---
license: apache-2.0
base_model: Qwen/Qwen3-TTS-12Hz-1.7B-CustomVoice
pipeline_tag: text-to-speech
tags:
  - text-to-speech
  - tts
  - qwen3-tts
  - tensorrt
  - tensorrt-edge-llm
  - onnx
language:
  - en
  - zh
  - ja
  - ko
  - de
  - fr
  - ru
  - pt
  - es
  - it
---

# Qwen3-TTS-12Hz-1.7B-CustomVoice — TensorRT-Edge-LLM ONNX (FP16)

ONNX export of **[Qwen/Qwen3-TTS-12Hz-1.7B-CustomVoice](https://huggingface.co/Qwen/Qwen3-TTS-12Hz-1.7B-CustomVoice)**
for use with **[NVIDIA TensorRT-Edge-LLM](https://github.com/NVIDIA/TensorRT-Edge-LLM) v0.7.1**. FP16.

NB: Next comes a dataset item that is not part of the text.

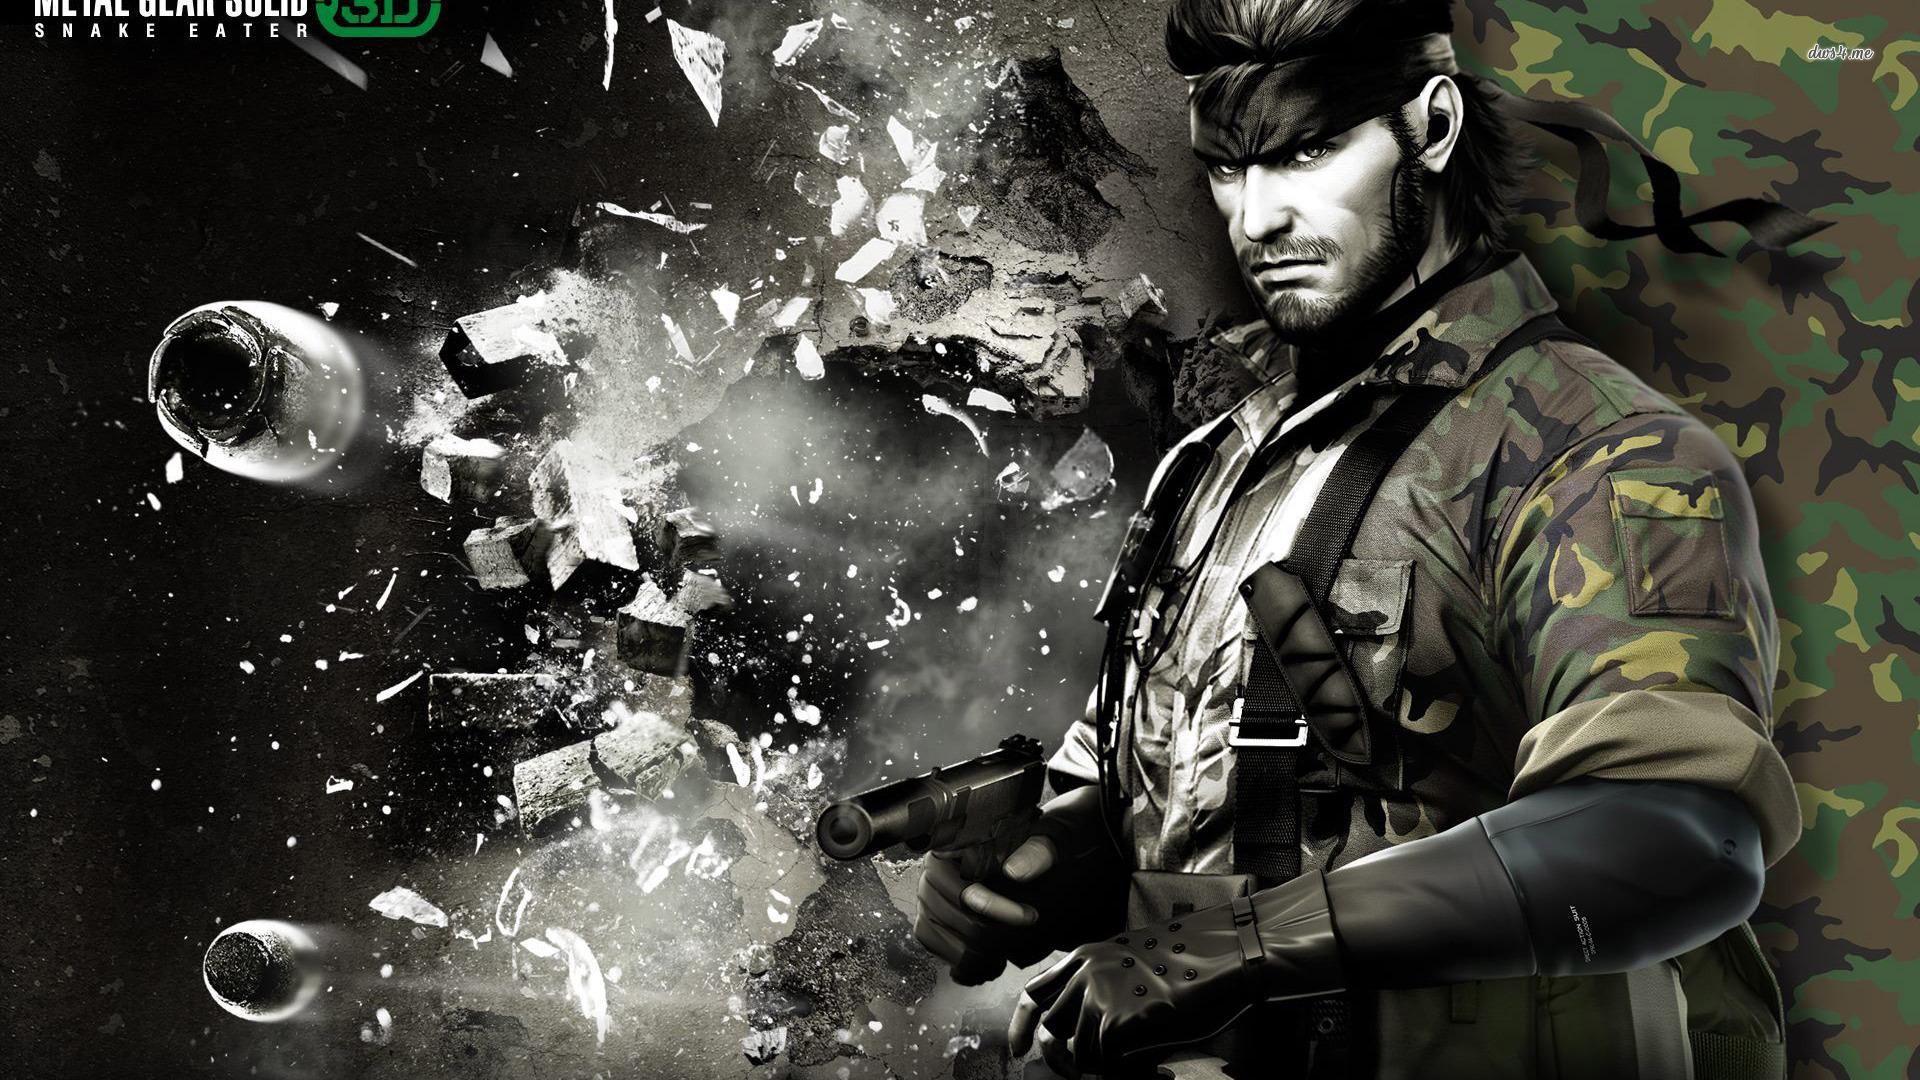 Free Download Metal Gear Solid Image Hd Wallpaper 1546 Wallpaper

> ⚠️ **These files are NOT a plug-and-play model.**
> They are the *intermediate ONNX* consumed by Edge-LLM's engine builder. The Talker/CodePredictor
> graphs contain Edge-LLM's custom `AttentionPlugin` op and a runtime-bound `lm_head`, so they **will
> not run in stock ONNX Runtime or generic TensorRT**. You must use TensorRT-Edge-LLM: build engines
> on your device, then run its `qwen3_tts_inference`. See **Usage**.

## Contents
```
llm/             # Talker (TalkerCausalLM) — model.onnx + model.onnx.data (FP16, ~2.83 GB) + sidecars
code_predictor/  # CodePredictor (residual RVQ codebooks) — model.onnx + .data + lm_heads / codec_embeddings / ...
code2wav/        # Code2Wav vocoder — model.onnx + .data
```
Keep each `model.onnx` next to its `model.onnx.data` (external weights) and the sidecar
`*.safetensors` / `tokenizer.json` in the same directory.

## Requirements
- TensorRT-Edge-LLM **v0.7.1** (version matters — the ONNX op/loader conventions are version-specific).
- An NVIDIA GPU with CUDA/TensorRT supported by Edge-LLM.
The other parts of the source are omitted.